§ **PROVIDED MATERIAL**
============================================================

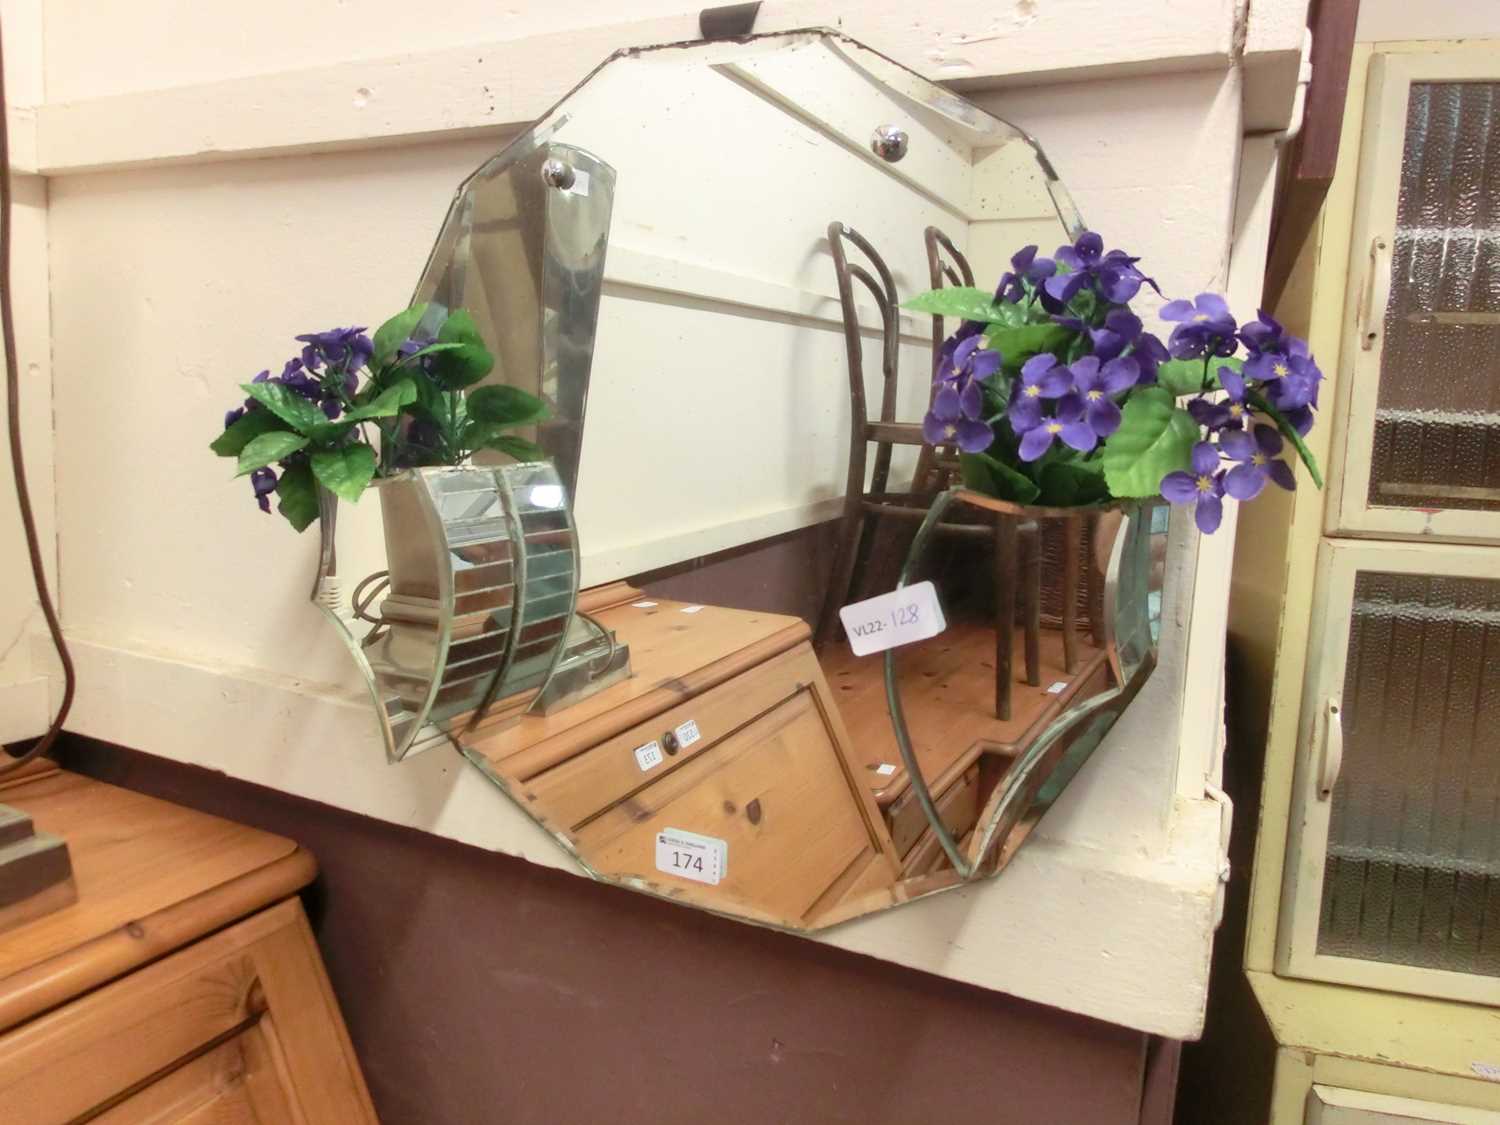 A mid-20th century frameless mirror with attached planters
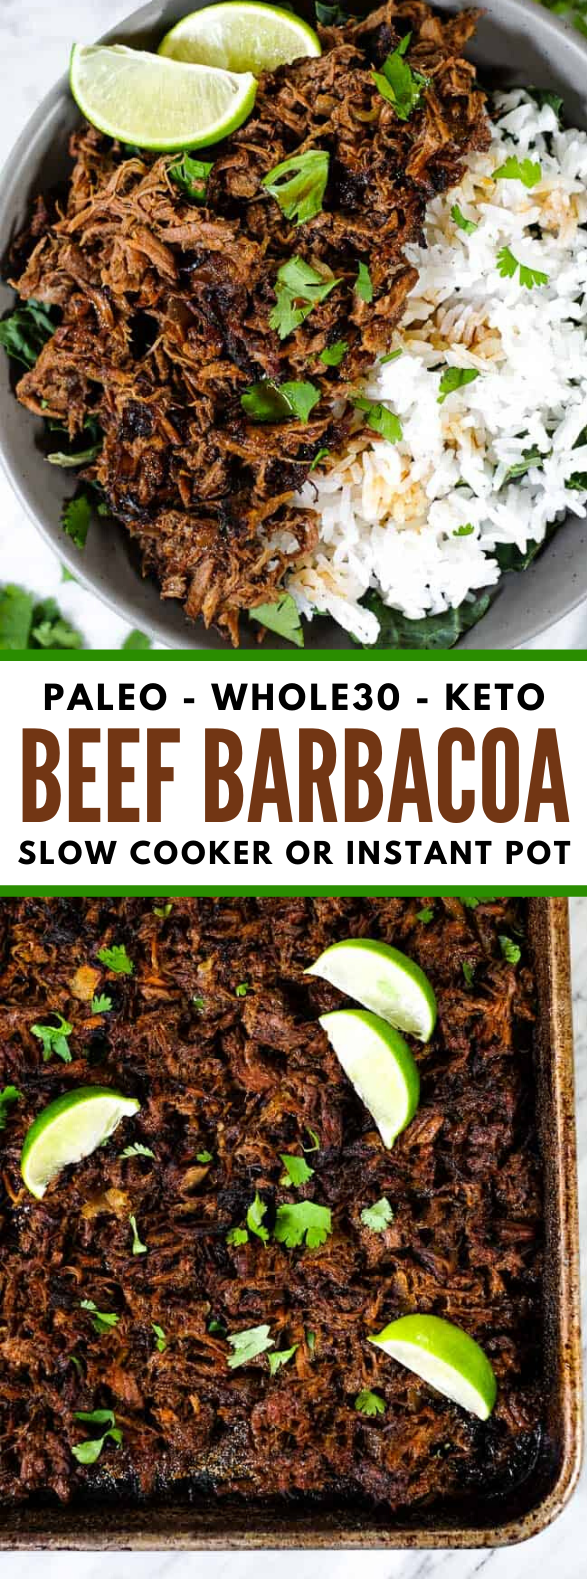 BEEF BARBACOA (PALEO, WHOLE30 + KETO) SLOW COOKER OR INSTANT POT #healhty #diet
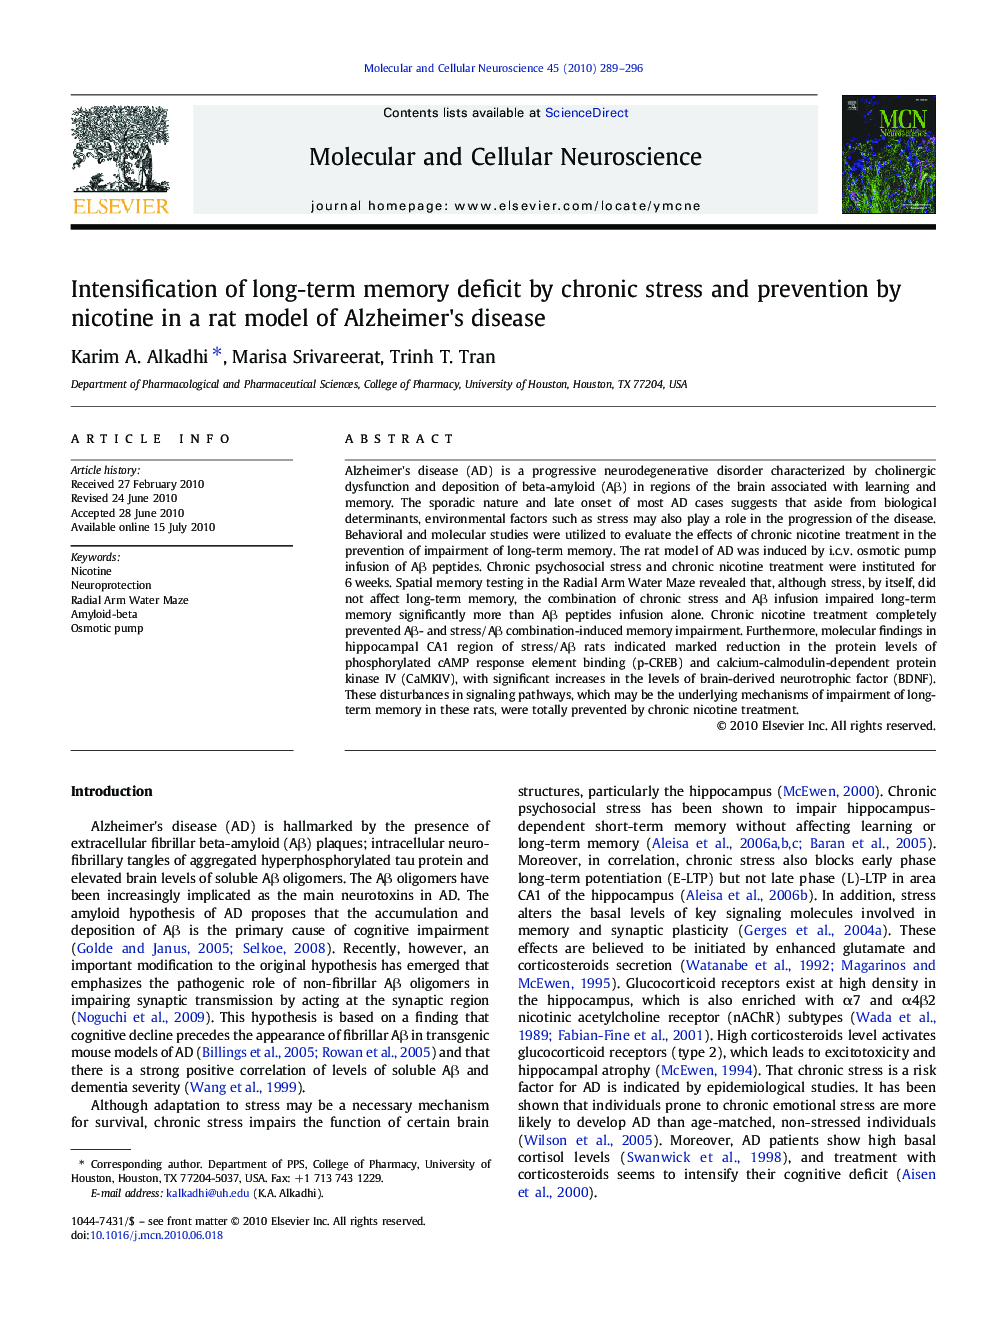 Intensification of long-term memory deficit by chronic stress and prevention by nicotine in a rat model of Alzheimer's disease
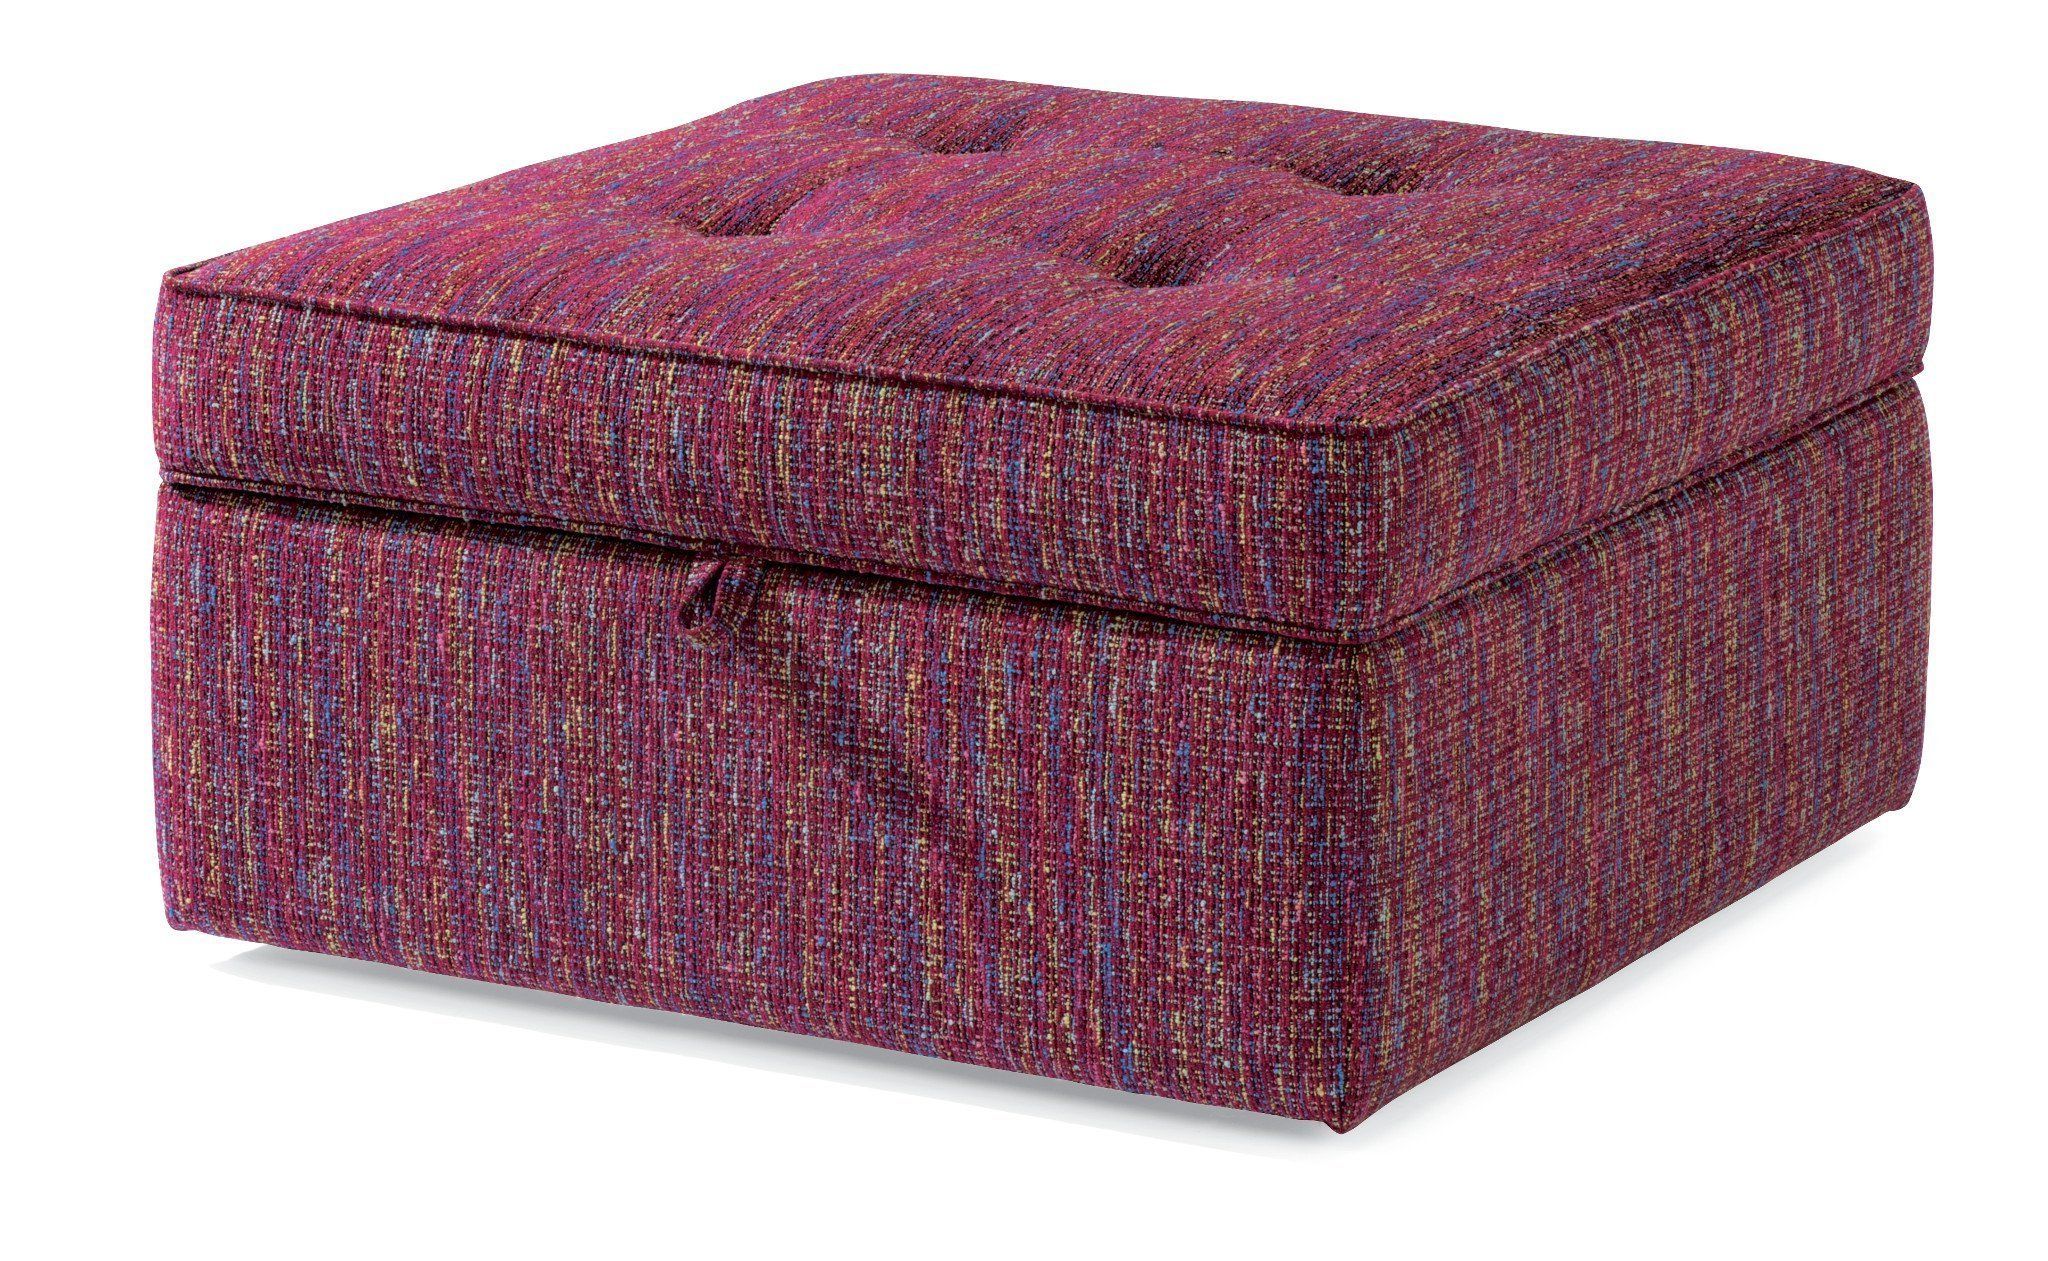 Natural Fabric Square Ottomans Pertaining To Fashionable Daphne Fabric Square Storage Ottoman – Adirondack Furniture (View 8 of 10)

============================================================

§ **WORK ITEM**
Where pictures sit among the data above, omit them, and output the rest exactly.

§ **FINISHED TASK**
 A mid-20th century frameless mirror with attached planters
 BEEF BARBACOA (PALEO, WHOLE30 + KETO) SLOW COOKER OR INSTANT POT #healhty #diet
 Intensification of long-term memory deficit by chronic stress and prevention by nicotine in a rat model of Alzheimer's disease
 Natural Fabric Square Ottomans Pertaining To Fashionable Daphne Fabric Square Storage Ottoman – Adirondack Furniture (View 8 of 10)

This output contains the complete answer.